At the Paris meeting, Mechtild Rössler, head of the World Heritage Centre, lamented that some States were overly dedicated to inscribing new properties on the list as a matter of prestige, and pointed out that the Centre was struggling to process the continuous flow of applications for inscriptions. Rather, Dr. Rössler stressed, countries should devote time and resources to work on the safeguarding of already inscribed sites, especially those endangered by conflicts or climate change, such as the cities of Aleppo or Timbuktu.

“We must be optimistic.”

This was Michael Turner’s response to my skepticism regarding the future of the organization, as we talked on the last day of the meeting. Prof. Turner holds the UNESCO Chair in Urban Design and Conservation Studies at the Bezalel Academy in Jerusalem and specializes in architecture, conservation, urban design and historic cities. He pointed me to some of the organization’s founding documents. Its 1945 Constitution, for instance, argues the need for a UN agency solely dedicated to education, science and culture, based on the idea that “since wars begin in the minds of men, it is in the minds of men that the defenses of peace must be constructed.” Reading these words, I mentally wandered away from UNESCO, and back to Mali: I was reminded of Boukary Konaté.

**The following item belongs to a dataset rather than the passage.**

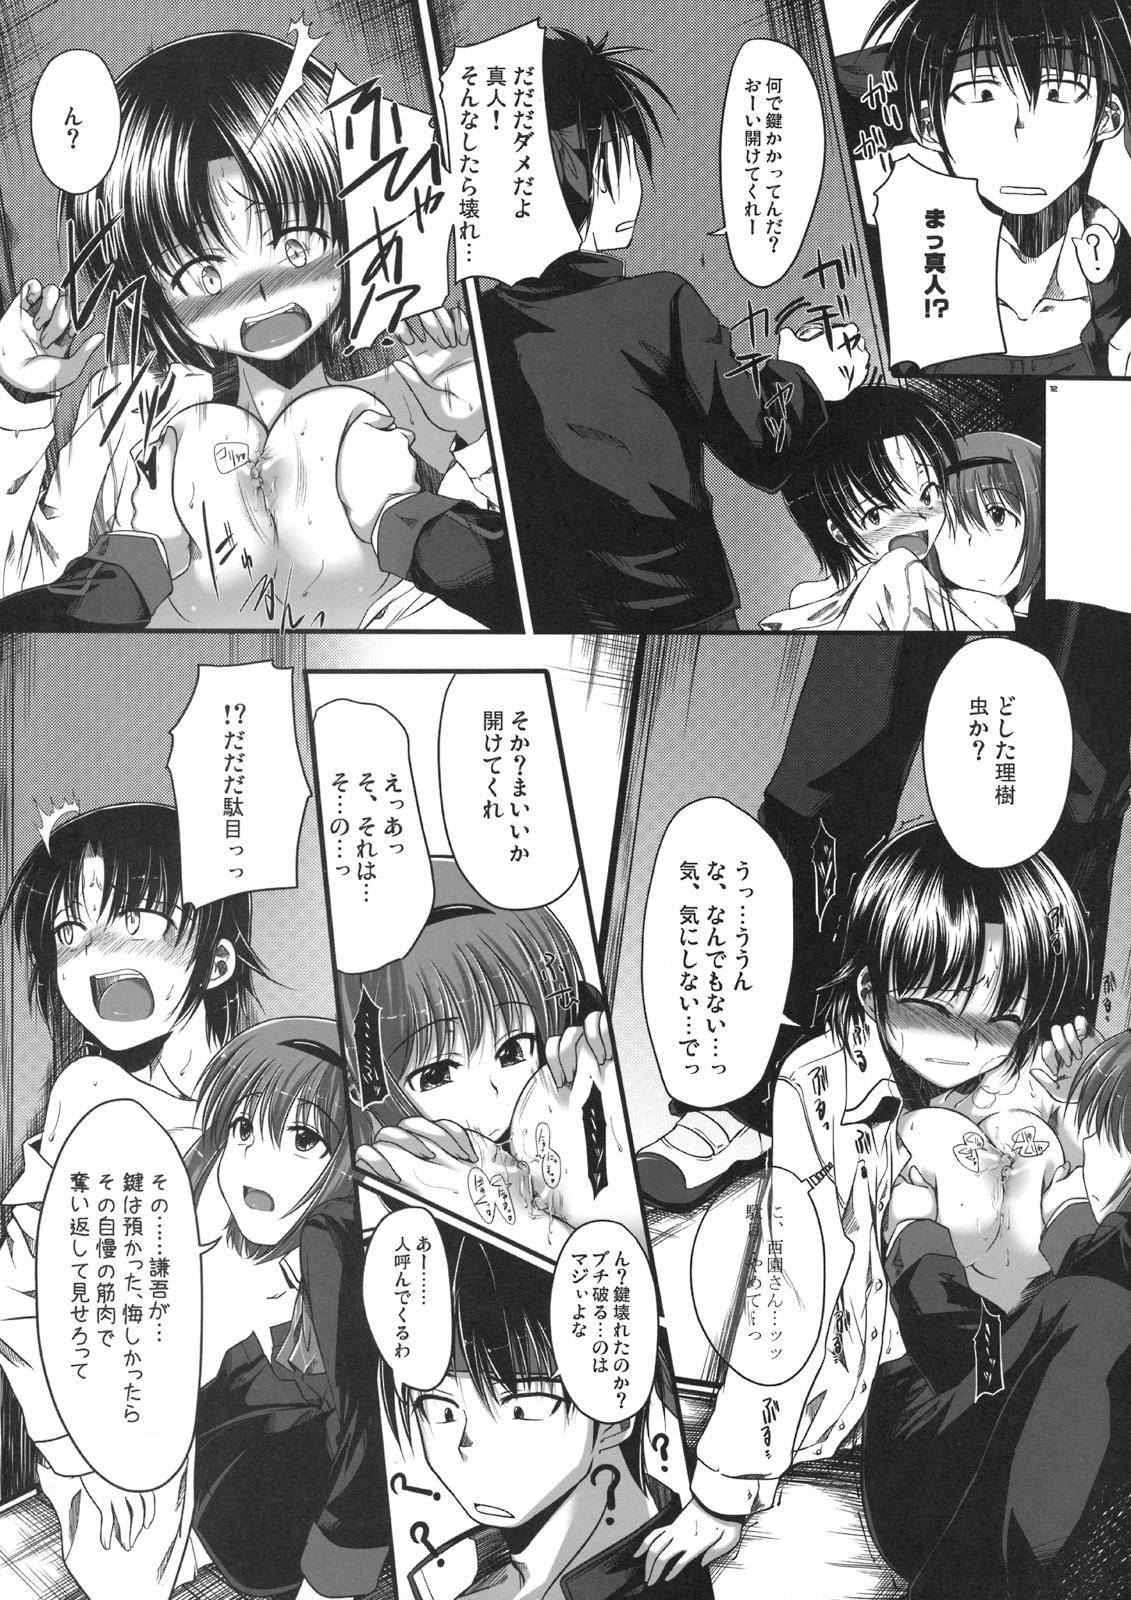 Longhair Rikyuuru - Little busters Classroom - Page 11

Until his passing this past September, Mr. Konaté, an educator and language teacher, tirelessly collected, digitalized, translated and spread Malian rural traditions and oral histories that would have otherwise remained little accessible, or might have been lost. He set out to do so on his own, with few resources and no compensation. Optimism is warranted as long as academics, historians, and UNESCO, keep striving to do work emulating that of Mr. Konaté and others like him.

Madina Thiam is a doctoral student in History at UCLA, and co-editor-in-chief of Ufahamu: a Journal of African History. She represented Mali at the 2017 UNESCO World Heritage Young Professionals Forum.